- WHAT THE EXERCISE ASKS
The whole listing, apart from its images, should be restated word for word.

- DATA SEGMENT
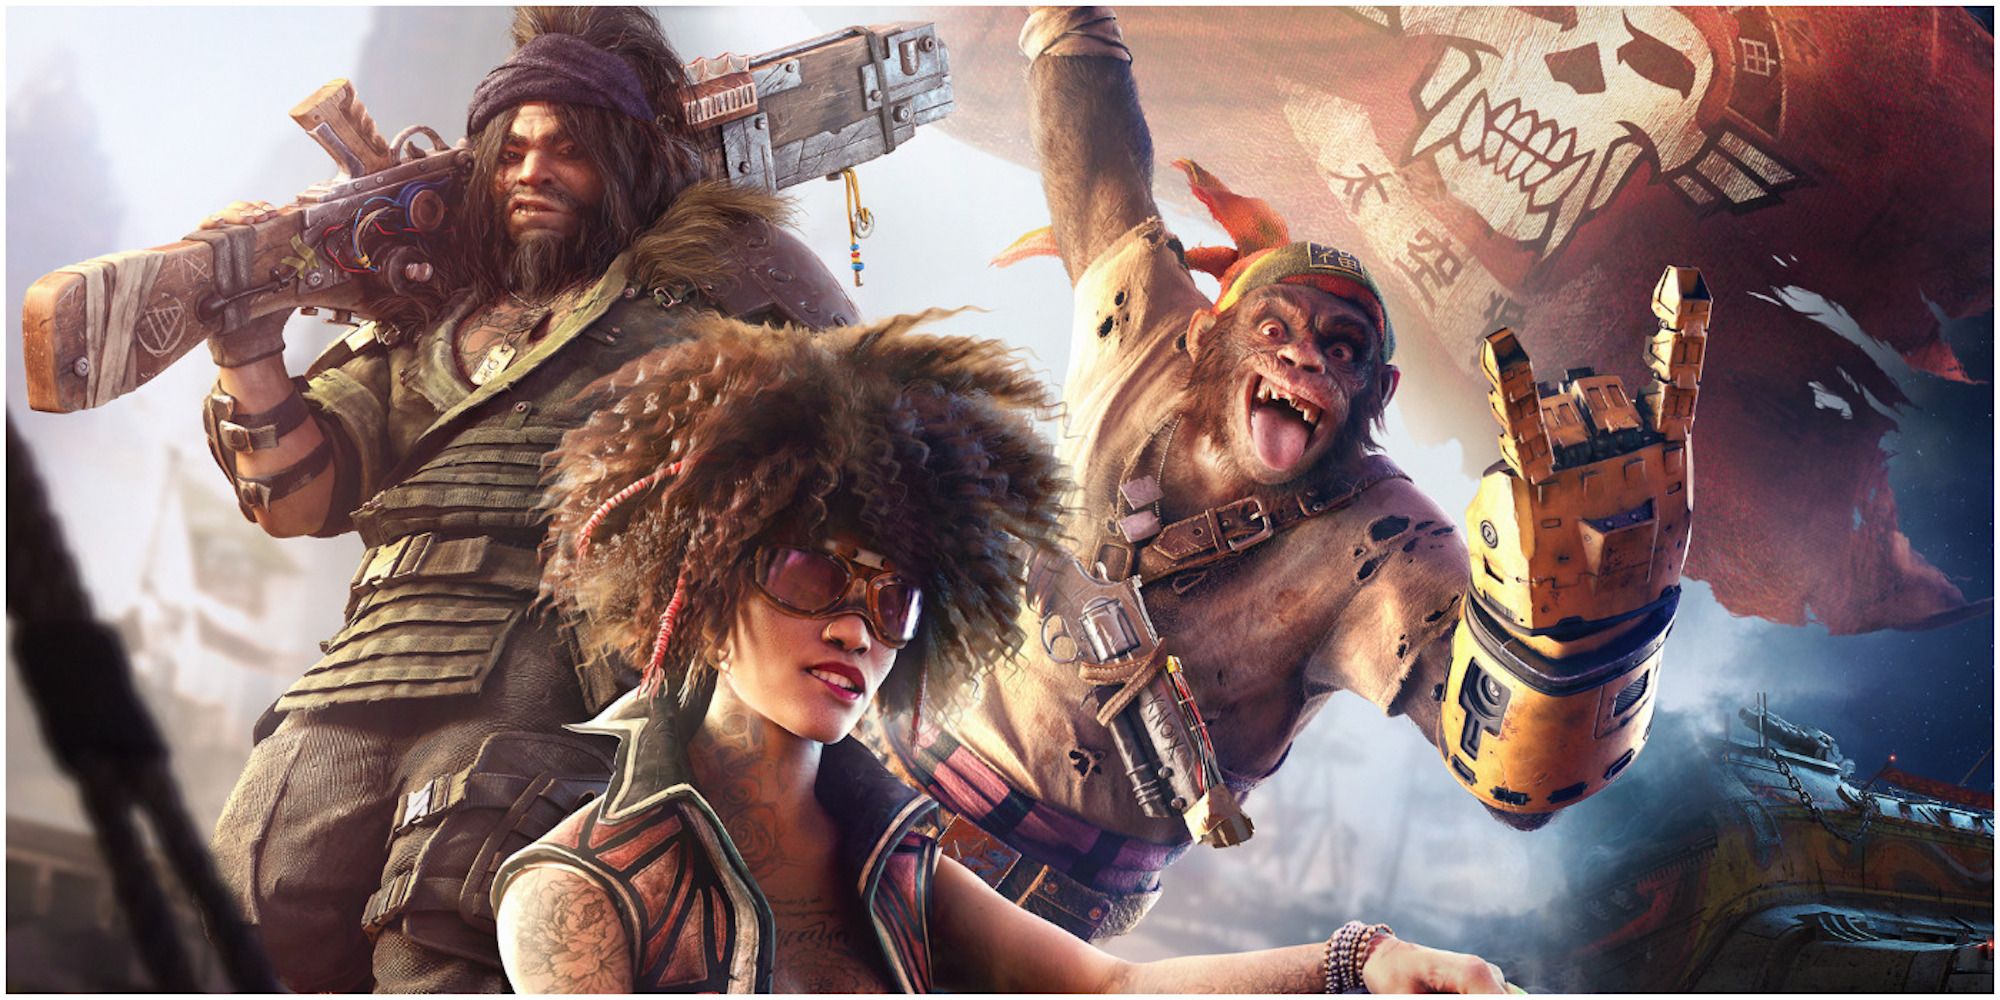 Promo art featuring characters from Beyond Good and Evil 2
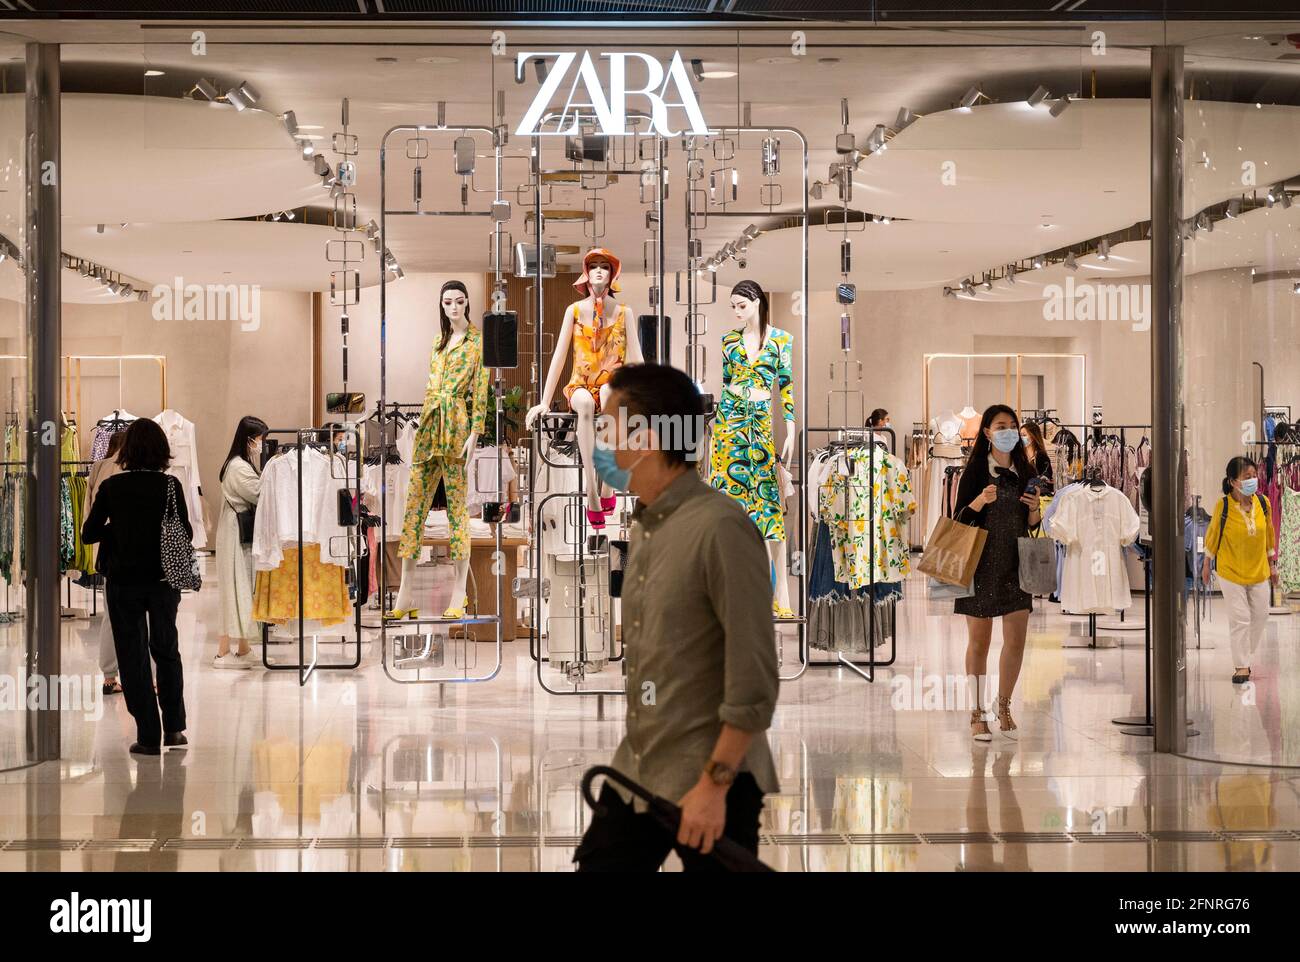 Zara Store Usa High Resolution Stock Photography and Images - Alamy
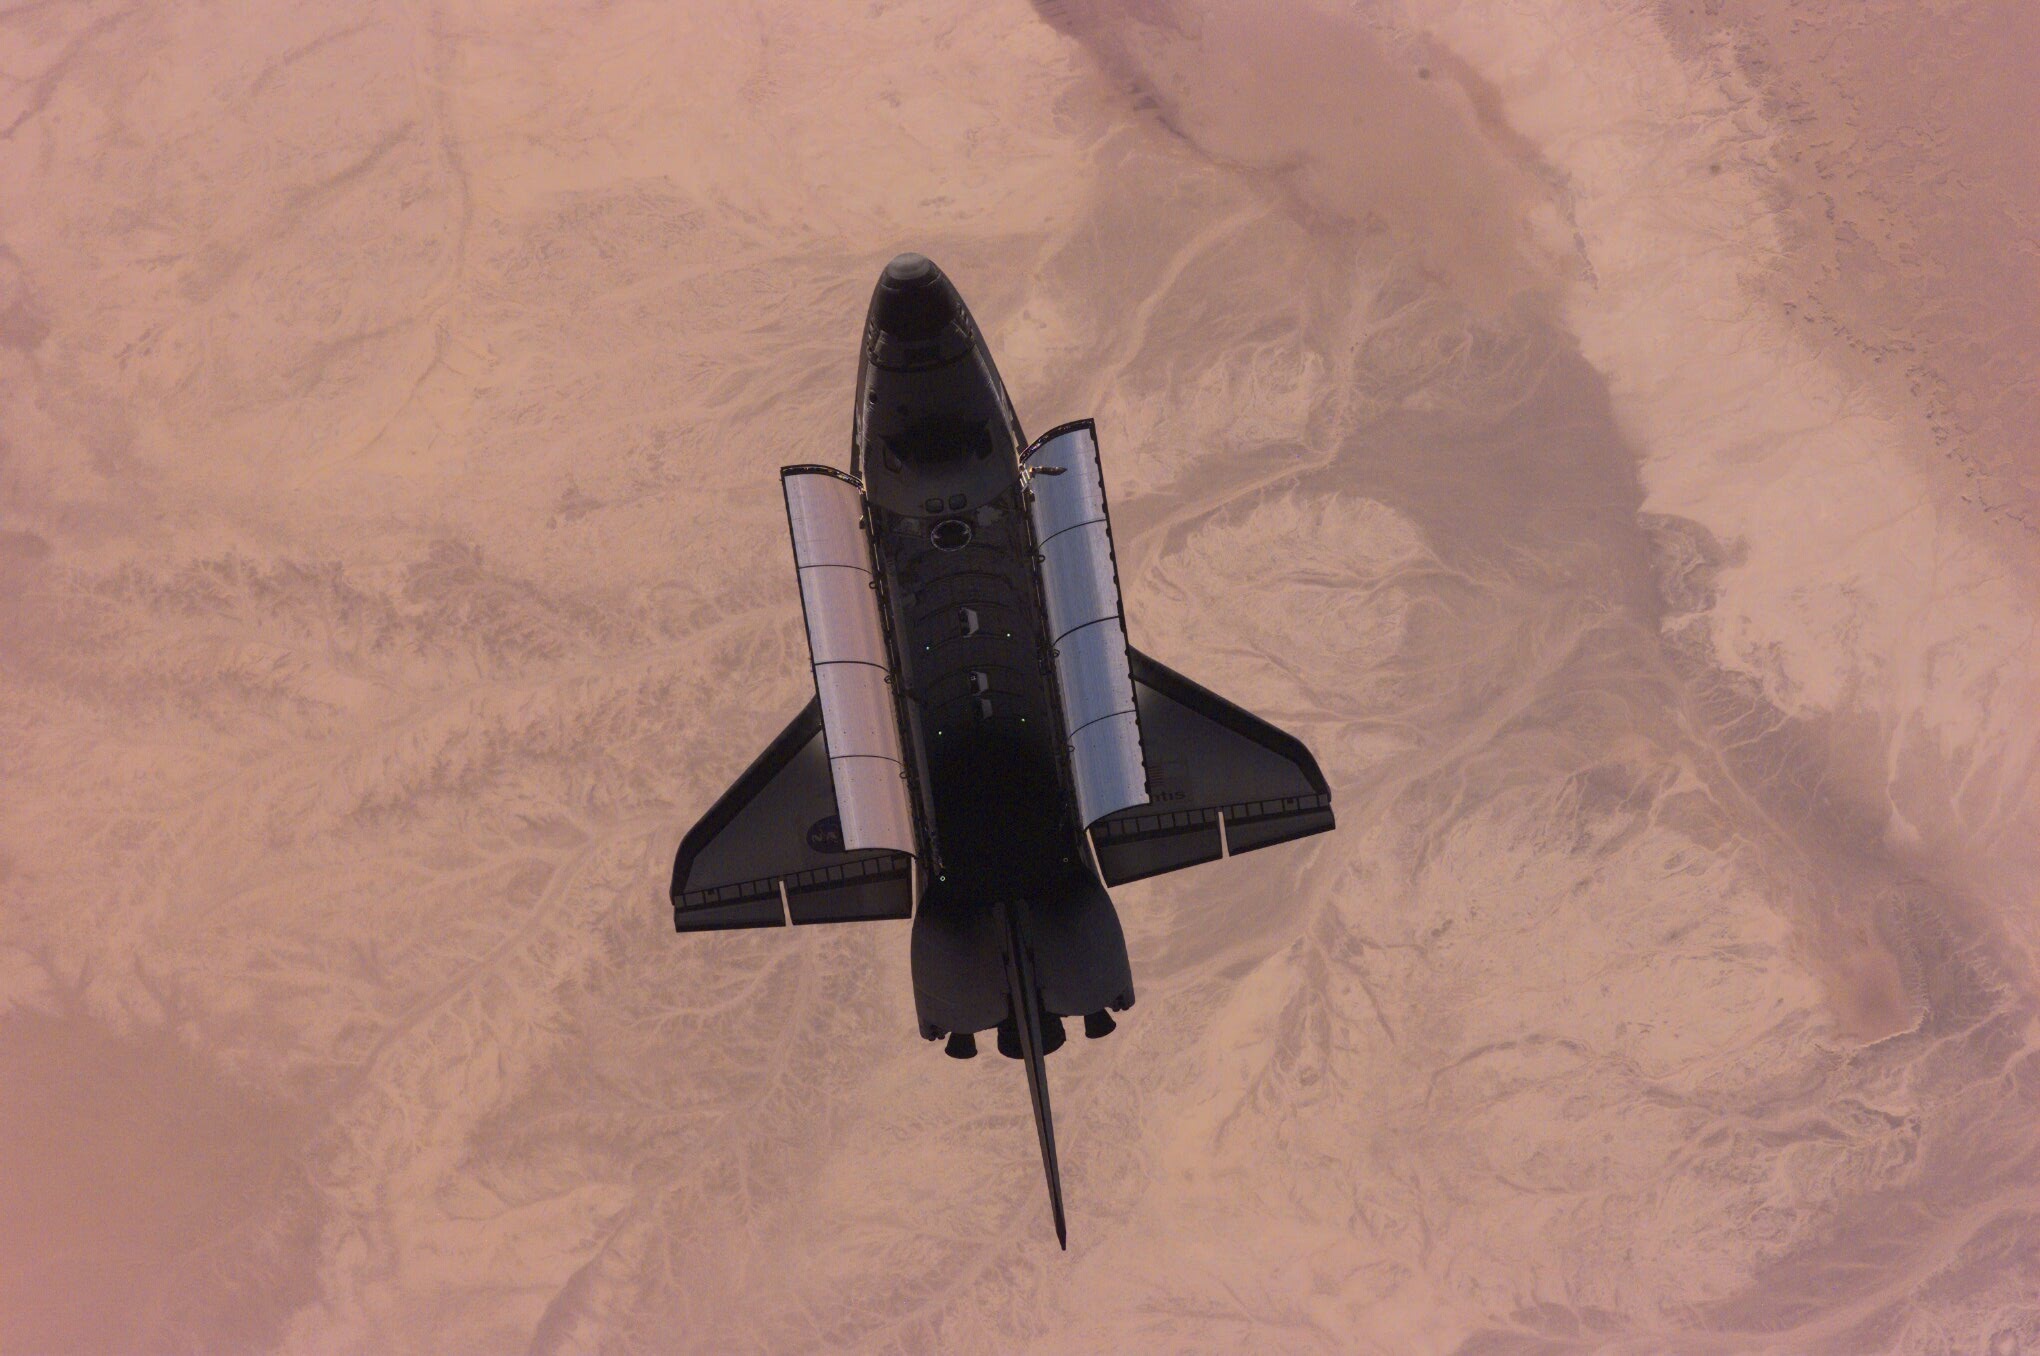 vehicles, space shuttle, space shuttles download HD wallpaper

- SOLUTION TO THIS PROBLEM
 Promo art featuring characters from Beyond Good and Evil 2
 Zara Store Usa High Resolution Stock Photography and Images - Alamy
 vehicles, space shuttle, space shuttles download HD wallpaper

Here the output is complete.